Aim of the exercise: Word for word, restate the listing; omit the pictures.

Data shown:
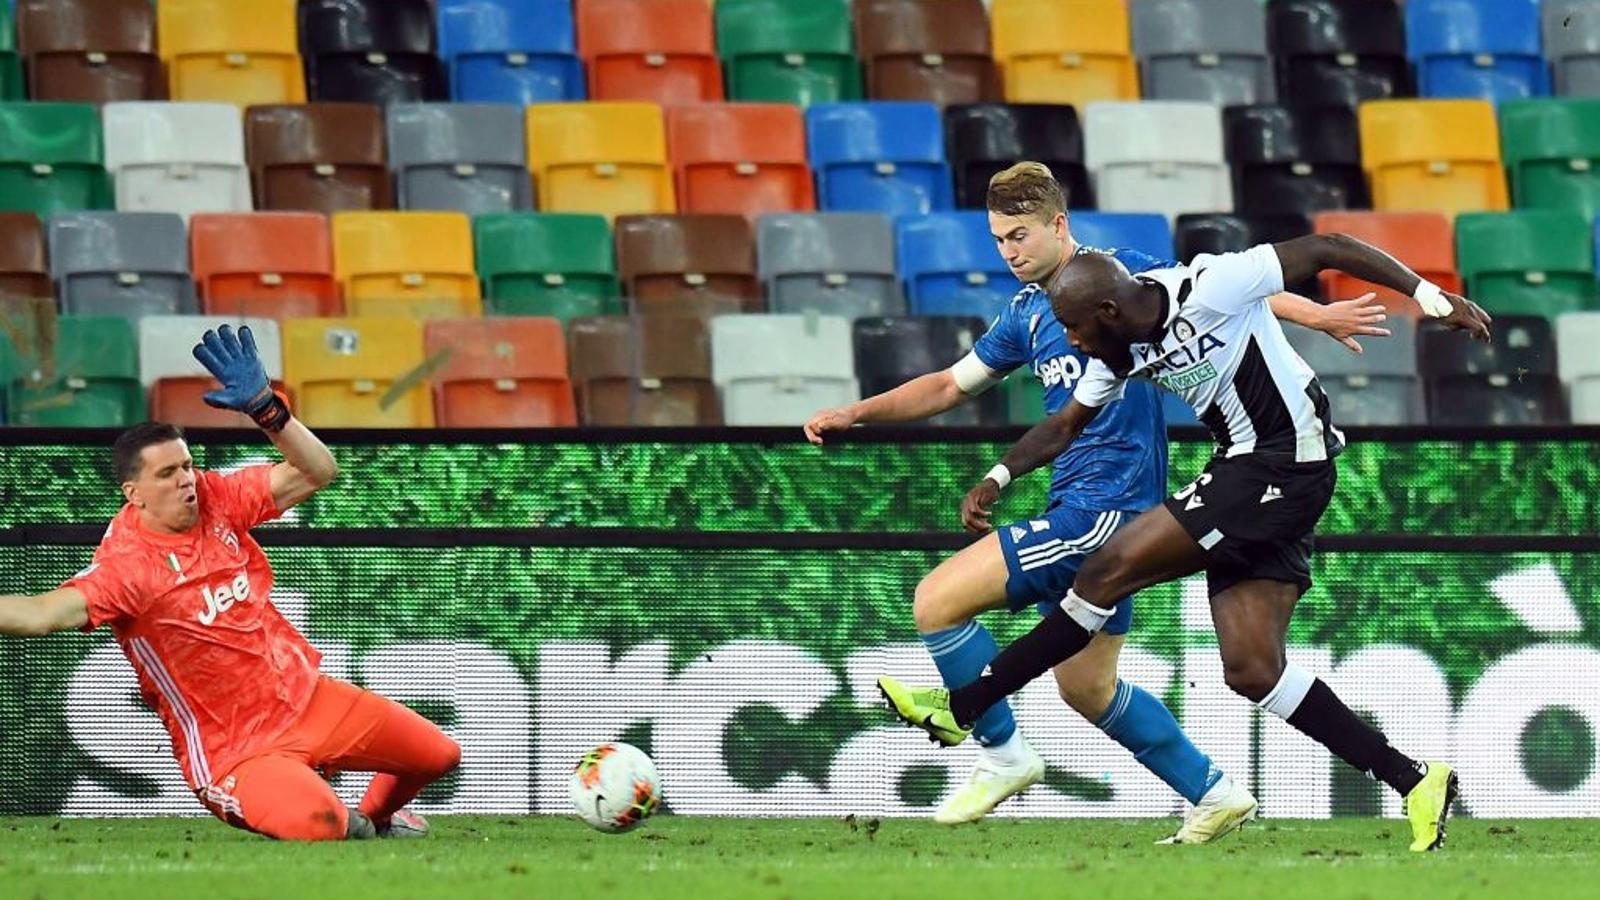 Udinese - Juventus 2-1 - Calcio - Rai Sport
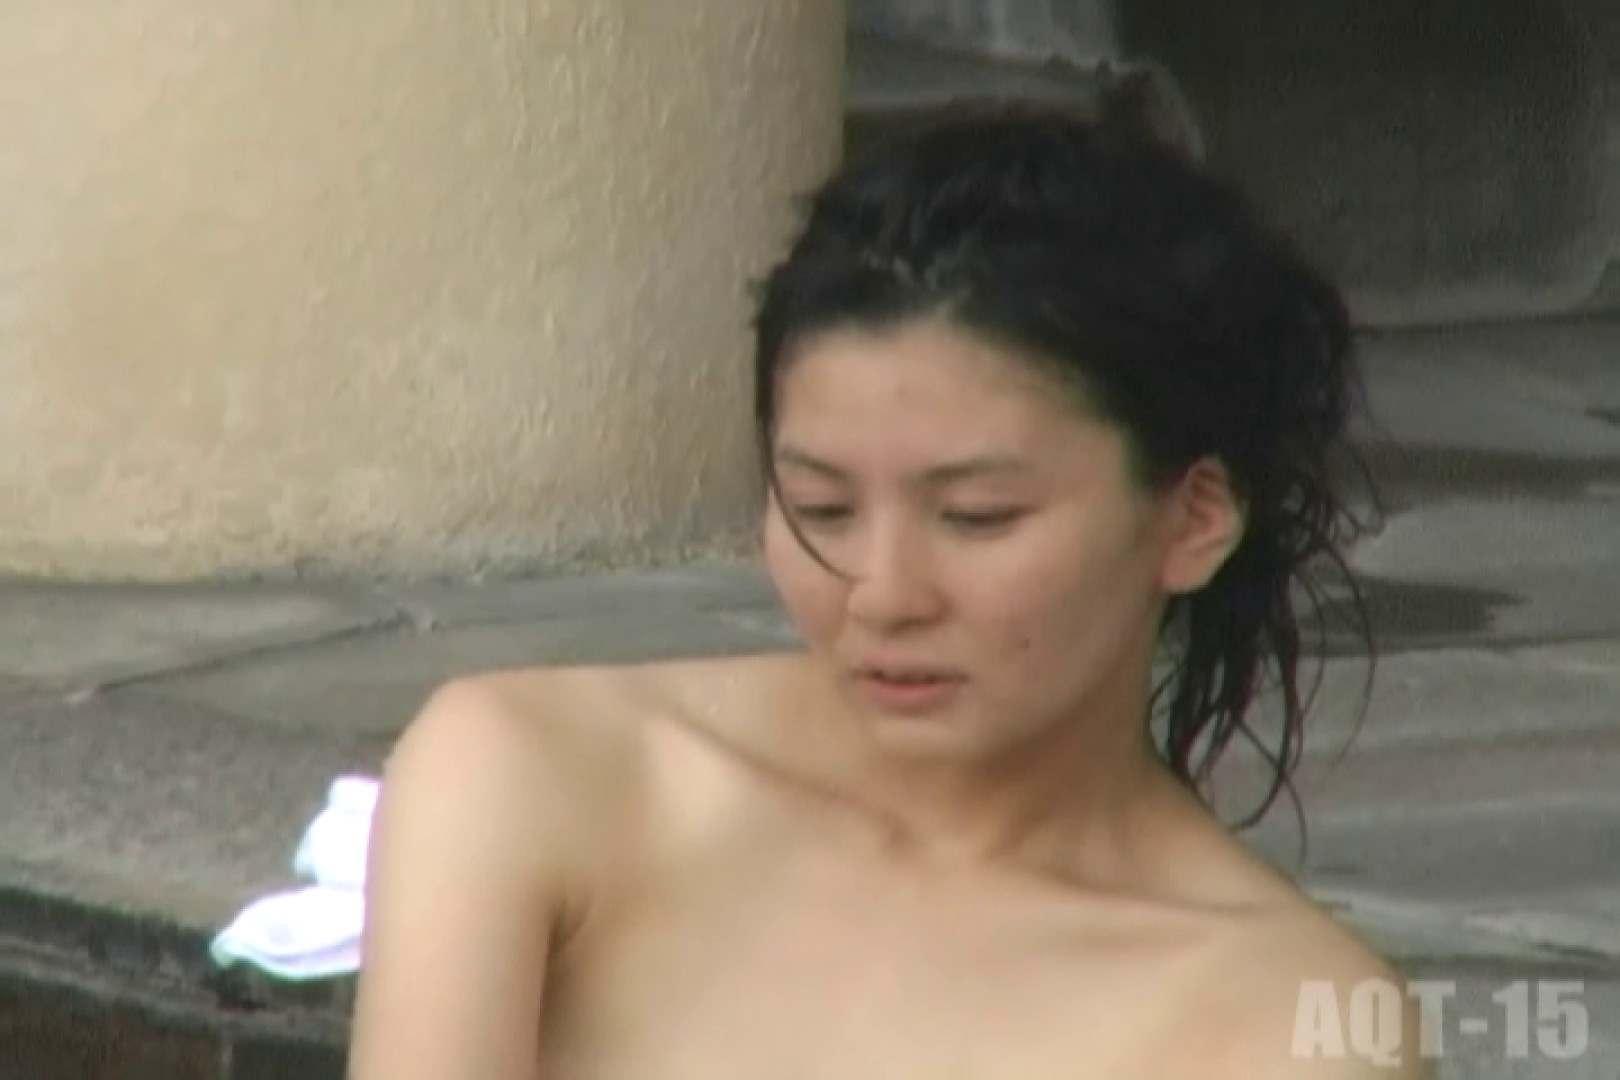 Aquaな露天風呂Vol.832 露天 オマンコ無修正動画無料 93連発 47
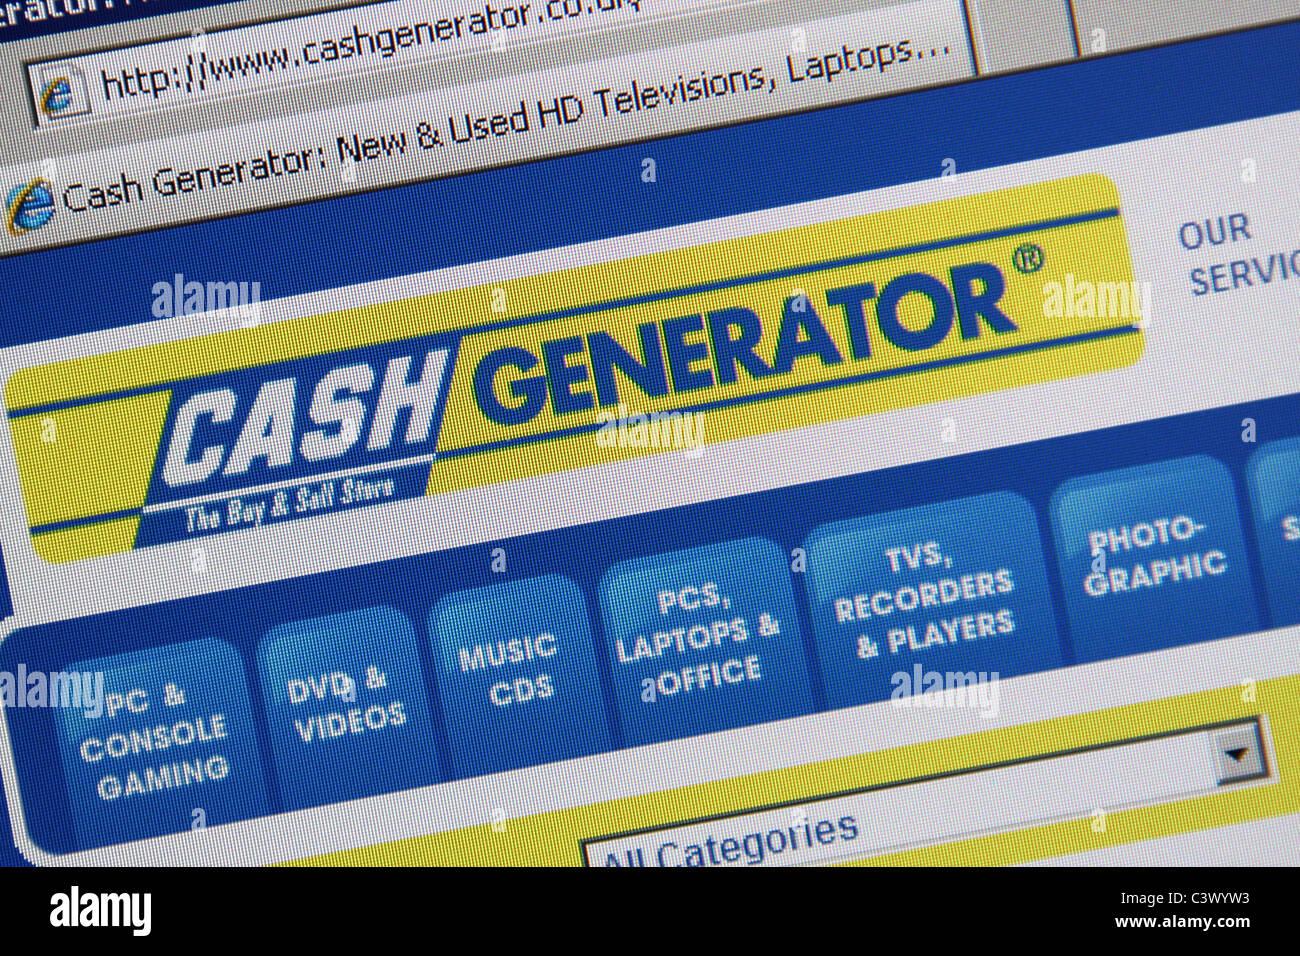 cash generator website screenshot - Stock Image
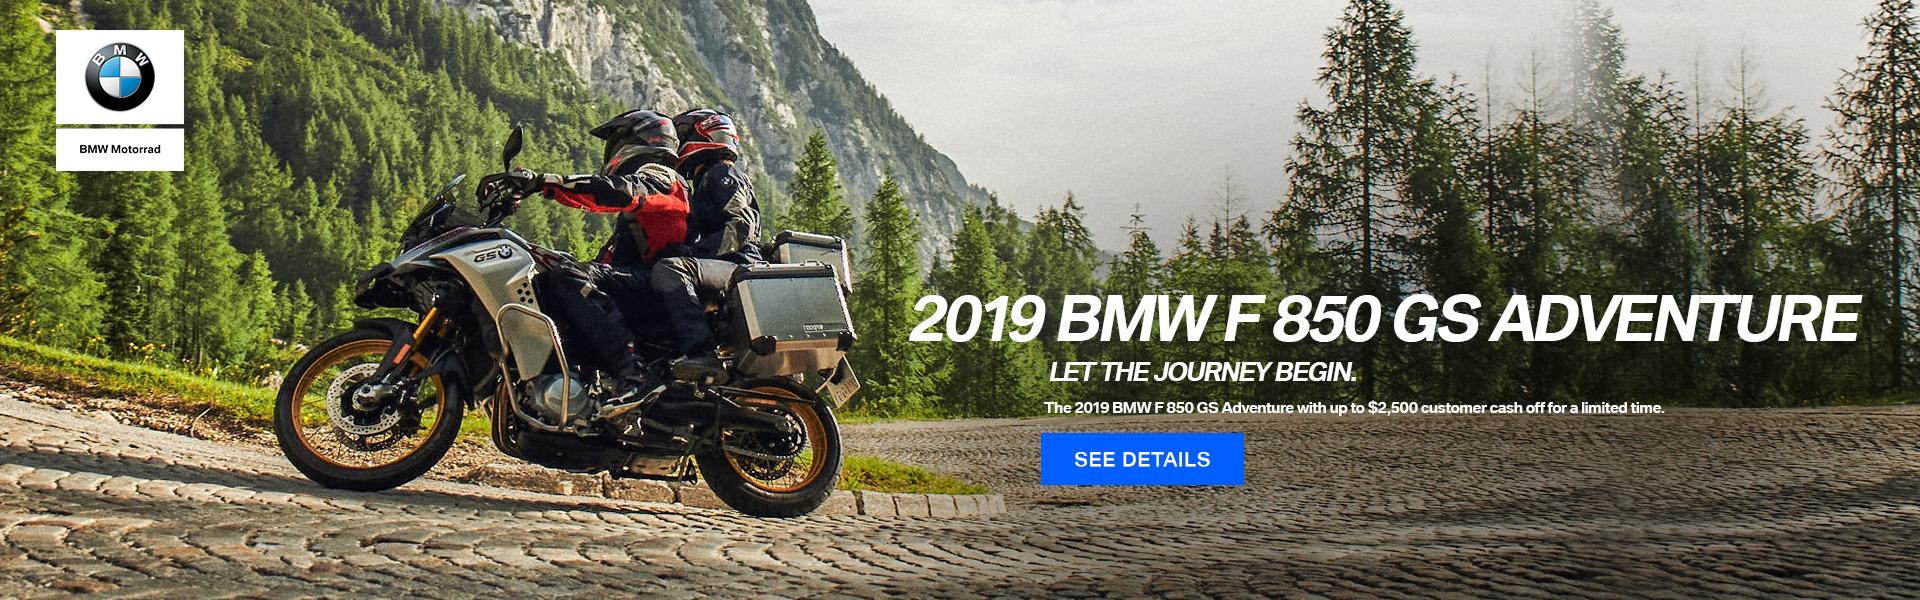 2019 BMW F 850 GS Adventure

Answer box:
 Udinese - Juventus 2-1 - Calcio - Rai Sport
 Aquaな露天風呂Vol.832 露天 オマンコ無修正動画無料 93連発 47
 cash generator website screenshot - Stock Image
 2019 BMW F 850 GS Adventure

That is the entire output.